Create an async main function
Because the Infobip Rust SDK is async, we need to create an async main with the help of Tokio:
#[tokio::main]
async fn main() {
}
Create a sysinfo::System object
The System object will help us gather resource usage details. Make sure you check the sysinfo crate, which has a lot of system properties it can monitor.

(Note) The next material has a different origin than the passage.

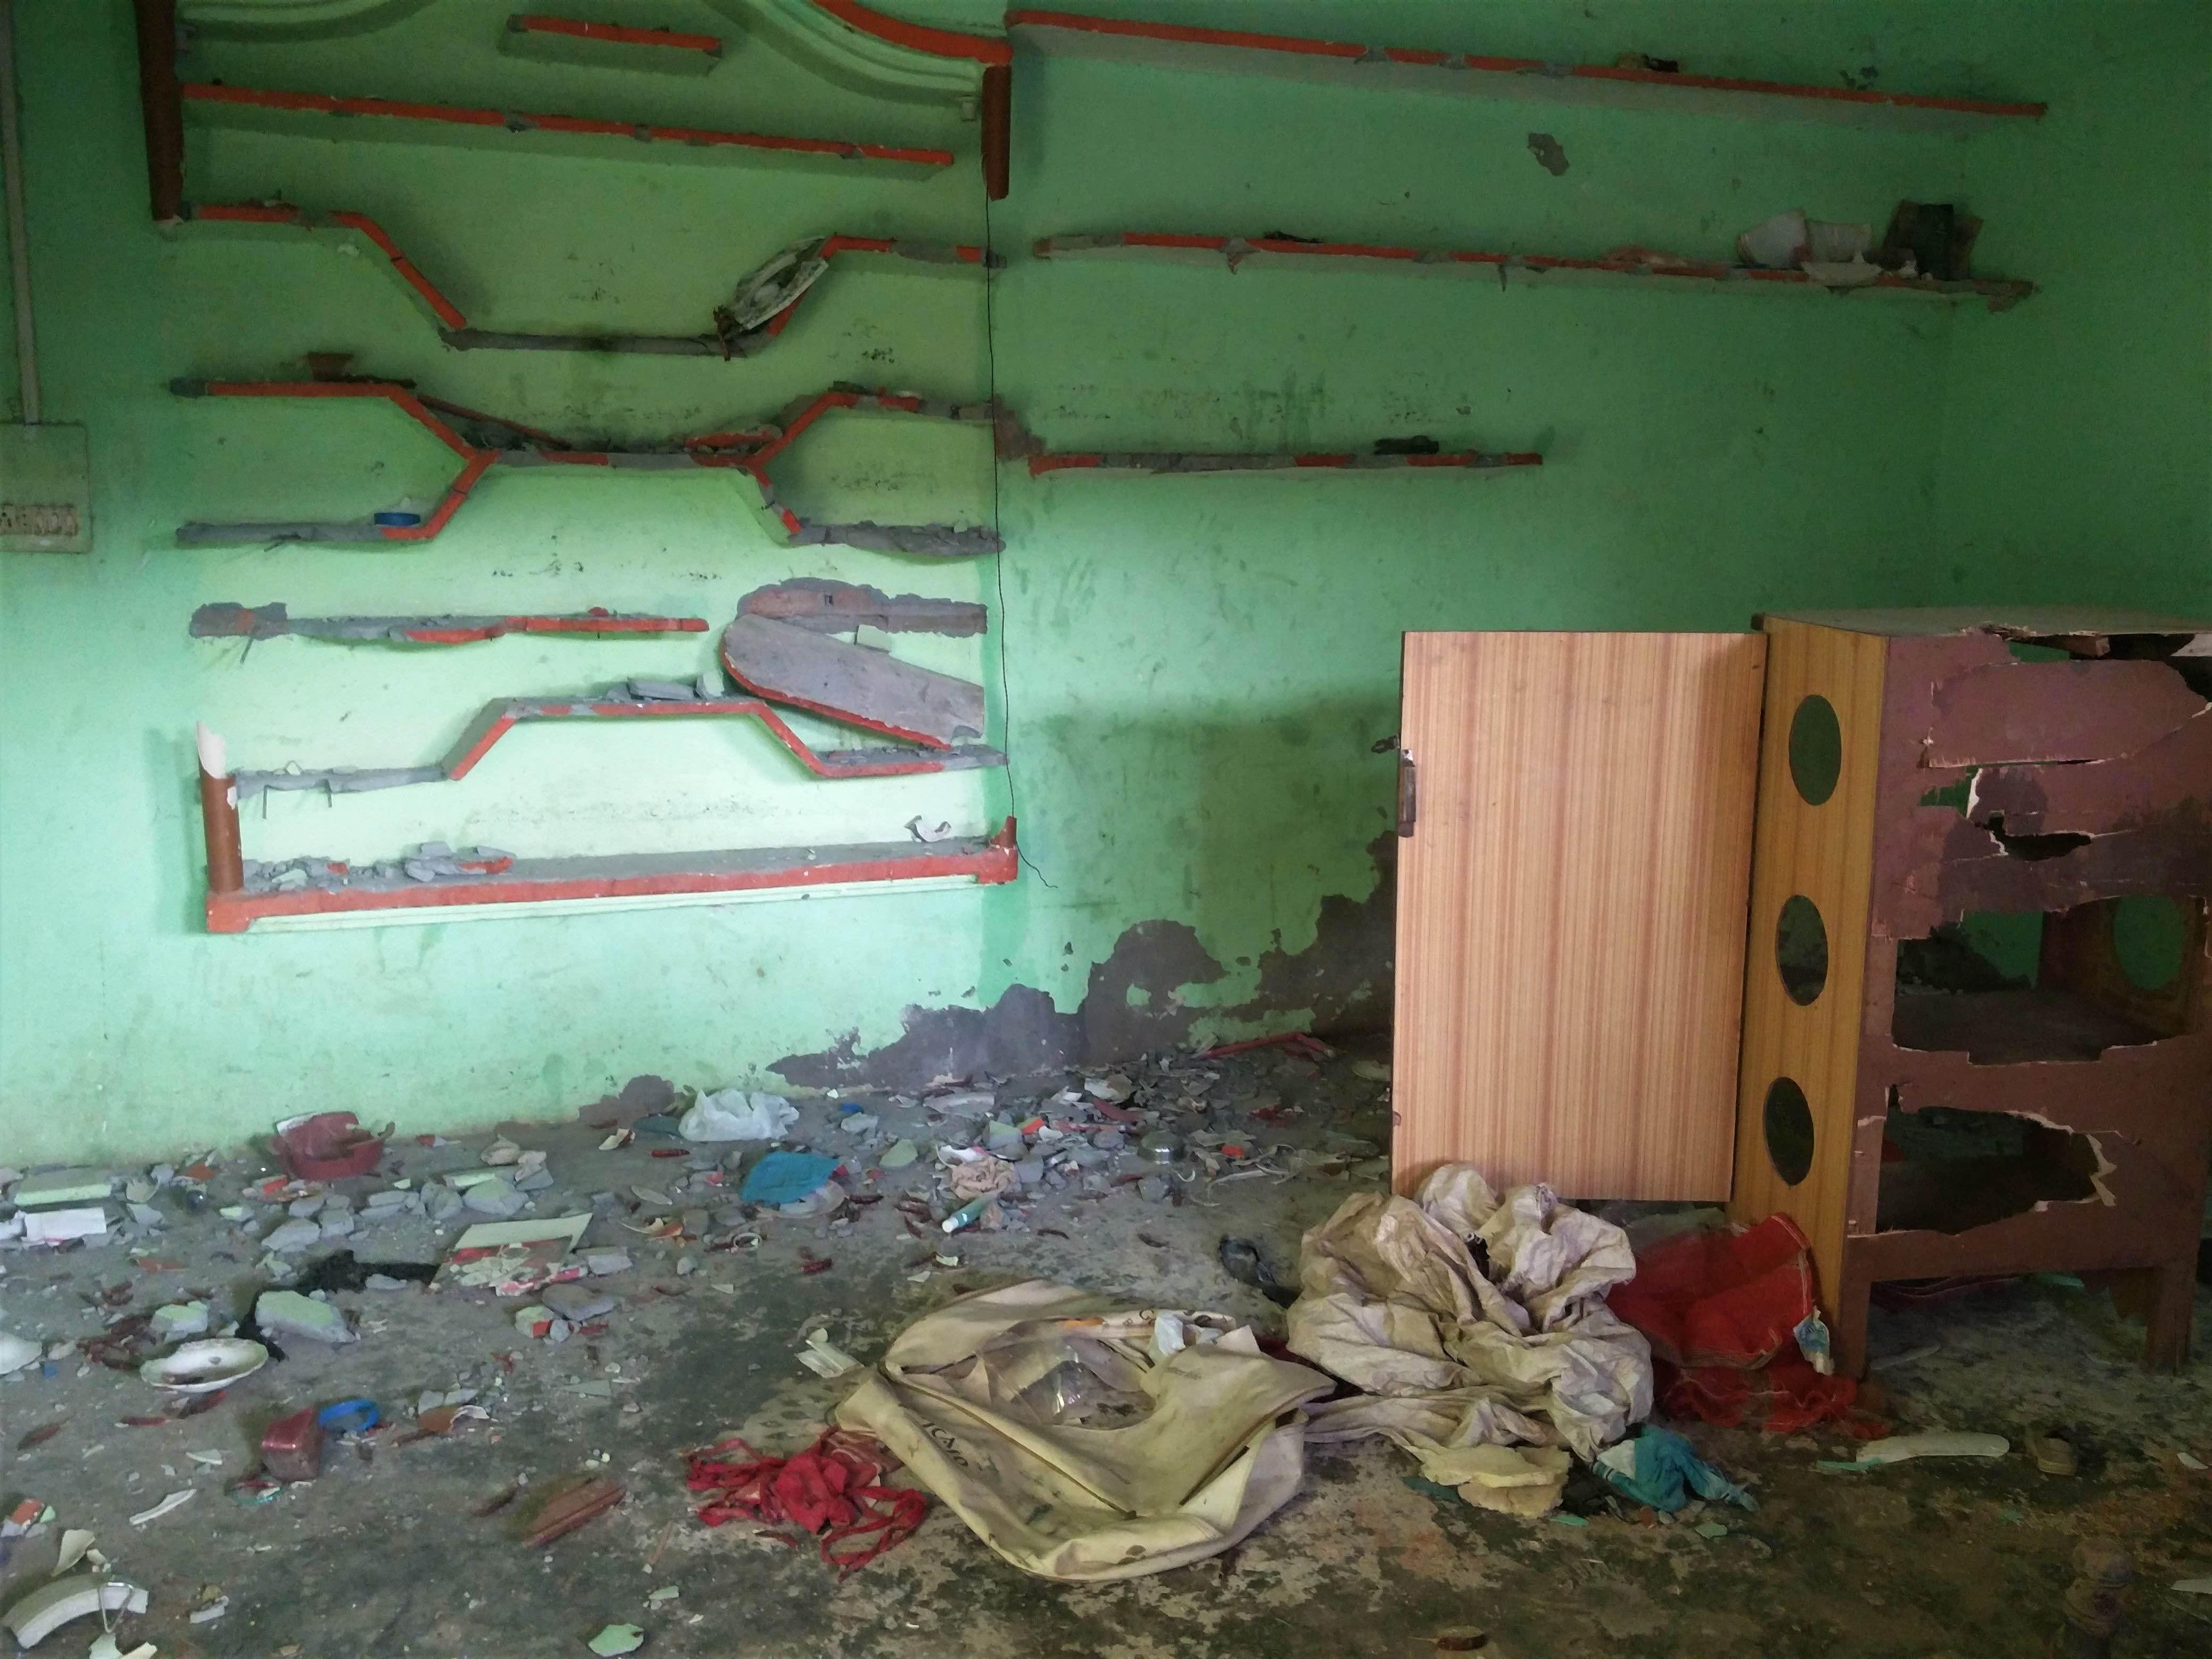 Sabir's vandalised house. Credit: Neha Dixit

let sys = System::new_all();
Read system details in a loop
We need to run the System.refresh()
function to update system properties and detect anomalies. To refresh at regular
intervals, we are using Tokio’s interval
, which runs async and can run while we send WhatsApp alerts over the network
without stopping the program execution.
let mut interval = time::interval(Duration::from_secs(args.refresh_interval_secs));
// ...
loop {
// Refresh CPU for accuracy.
sys.refresh_cpu();
interval.tick().await;
sys.refresh_all();
Check for usage beyond threshold and alert
After gathering system info, we check if all CPU cores are within limits. If they are outside limits, we send an alert with the send_alert() function.
for (i, cpu) in sys.cpus().iter().enumerate() {
let usage = cpu.cpu_usage();
if usage > args.cpu_usage_threshold {
cpus_high_cycles[i] += 1;
if cpus_high_cycles[i] >= args.cycles_for_alert
&& cpus_ok_cycles[i] >= args.cycles_between_alert
{
cpus_ok_cycles[i] = 0;
handles.push(send_alert(format!(
"{ts} {hostname}: High CPU{i} usage: {usage:.1}%",
)));
}
} else {
cpus_high_cycles[i] = 0;
cpus_ok_cycles[i] += 1;
}
}
To prevent flooding your phone with messages, we implemented a couple of simple counters, cpus_high_cycles
and cpus_ok_cycles
, that prevent sending alerts after every high usage spike. For an alert to trigger, a number of
consecutive high measures must have been taken, and there should be a number of consecutive non-high measures to
separate one anomaly from another. For checking memory, we follow the same logic.
Send the alert if usage is high
The special feature of this monitor is implemented in the send_alert()
function, which is called when there’s an
anomaly. Here’s the code for it:
async fn send_alert(message: String) {
let client = WhatsappClient::with_configuration(Configuration::from_env_api_key().unwrap());
let request_body = SendTextRequestBody::new(
env::var("WA_SENDER").unwrap().as_str(),
env::var("WA_DESTINATION").unwrap().as_str(),
TextContent::new(message.as_str()),
);
let response = client.send_text(request_body).await.unwrap();
println!("Alert: {message} => HTTP response: {:?}", response.status);
}
The above code creates a message and then sends it to the server. For this code to work correctly, we need to set four environment variables, which you can retrieve from your account:
IB_API_KEY=<your-api-key>
IB_BASE_URL=<your-base-url>
WA_SENDER=<your-whatsapp-sender-number>
WA_DESTINATION=<your-whatsapp-phone-number>
The IB_API_KEY
and IB_BASE_URL
variables are needed to initialize the Infobip SDK, while WA_SENDER
and
WA_DESTINATION
are the ones we use for our specific use case.
Run the project
Because we are using simple text WhatsApp messages, we need prior user engagement with the user to send messages. Send a message from the phone to the sender number with any text. Check the endpoint documentation for more information.
Once you send the message, run the project with cargo or with the command line:
cargo run
That’s it! The process will run forever until you kill it.
Customizing execution
The default command will run with the default parameters. We implemented a few command line options to customize the usage
thresholds, refresh frequency and the required positive cycles to trigger an alert. Run with -–help
to get a summary
of the available parameters.
cargo run -- --help
I hope you find this monitor helpful or that it helps you to create your own awesome one. In case you find any errors or you want to know more about response details, please check Infobip Response Status and Error Codes Reference.